La Universidad Autónoma de Madrid ha investido a Norman Foster, con 90 años, como doctor honoris causa, un reconocimiento que encaja casi de manera natural en la trayectoria de uno de los arquitectos más influyentes del último siglo.
Pero, más allá de los discursos solemnes y del prestigio académico, el galardón permite volver la mirada hacia la vida del creador del estudio Foster + Partners y, sobre todo, hacia la mujer que lo acompaña desde hace casi tres décadas: Elena Ochoa, de 67 años, la española que pasó de hablar de sexo en televisión a convertirse en una figura clave del arte contemporáneo internacional.
Foster, nacido en Manchester en 1935, tiene un currículum tan amplio como sus horizontes: aeropuertos gigantes, museos de referencia, la reconstrucción del Reichstag, la Torre Hearst o el metro de Bilbao. Su arquitectura, siempre asociada a innovación, luz y escala colosal, ha redefinido las grandes ciudades del mundo. Y mientras sigue proyectando la ampliación del Museo del Prado o el futuro de la Clínica Mayo, su vida privada, discretísima, transcurre desde hace años en un ático frente al Támesis, diseñado, por supuesto, por él mismo.
Allí vive junto a Elena Ochoa Foster, y aquí es donde la historia se vuelve fascinante. Porque antes de convertirse en lady Foster, Elena era, literalmente, la mujer que consiguió que España hablara de sexo sin bajar la mirada. En los noventa apareció en TVE al frente de Hablemos de sexo, un programa revolucionario en el que abordaba temas como la homosexualidad, la educación afectiva o los tabúes íntimos con una naturalidad que desconcertó a medio país.
La sensualidad de la puesta en escena contrastaba con su rigor académico: nacida en Puebla de Trives, un pequeño municipio de Orense, Elena era psicóloga clínica, profesora universitaria, seria, brillante y con una trayectoria académica impecable. Durante más de veinte años desempeñó el cargo de profesora titular de Psicopatología en la Universidad Complutense de Madrid y, hasta 2001, fue profesora honoraria del King’s College de Londres, donde comenzó el capítulo más decisivo de su vida.
«Tuve que trabajar el doble para mantener mi carrera», ha dicho alguna vez, consciente de que la televisión la convirtió, de golpe, en un rostro reconocible. Por eso, cuando sintió que necesitaba recuperar su anonimato profesional, aceptó una propuesta del King’s College de Londres. Ese cambio de aires, que parecía provisional, terminó siendo el giro definitivo de su vida. Londres la devolvió a los libros, a la investigación, y sobre todo la puso frente a Foster.
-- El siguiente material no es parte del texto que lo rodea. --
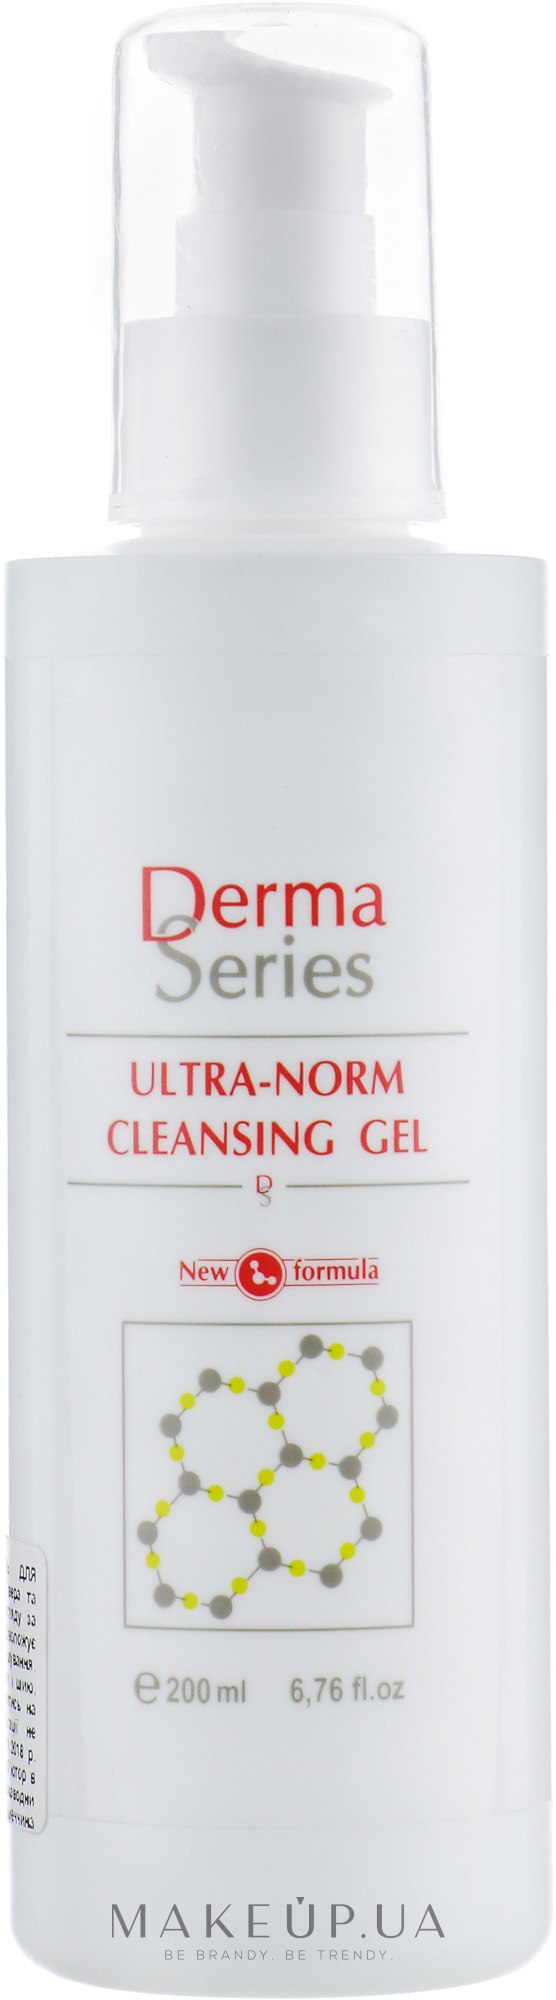 Нормалізувальний очищувальний гель  - Derma Series Ultra-Norm Cleansing Gel — фото 200ml

Elena Ochoa y Norman FosterGTRES
Se conocieron en los pasillos universitarios en los años noventa. Él, ya un arquitecto consagrado; ella, recién separada del escritor Luis Racionero. Los veintitrés años de diferencia se diluyeron en cuanto descubrieron sus afinidades: arte, pensamiento, ciudades, belleza. «Decía Picasso que quien es joven, siempre es joven», suele repetir ella al hablar de su relación. Tres años después del primer encuentro se casaron en una ceremonia íntima con solo seis personas. Más tarde organizaron una celebración mayor, pero siempre lejos del foco.
Desde entonces han construido una vida conjunta en la que la cultura marca el ritmo de todo. Ella dejó de ser «la de la tele» para convertirse en curadora internacional, directora de Ivorypress, editora de libros de arte y promotora de proyectos que combinan arquitectura, fotografía y pensamiento. Él siguió creando edificios icónicos. Y juntos formaron una familia sólida con dos hijos, Paola y Eduardo, que crecieron entre planos, literaturab música, chino, solfeo y debates intelectuales alrededor de la mesa. En casa, la creatividad no es un privilegio, es una rutina.
Aun así, Elena conserva un punto de lucidez que la aleja de los tópicos de la vida perfecta. «La felicidad como estado constante es una imbecilidad», dijo una vez citando a Vázquez Montalbán. «La felicidad es la tranquilidad, la paz contigo mismo». Y quizá por eso su pareja funciona: porque, bajo el brillo del lujo y las vistas al Támesis, hay dos personas que eligieron la serenidad como forma de vida.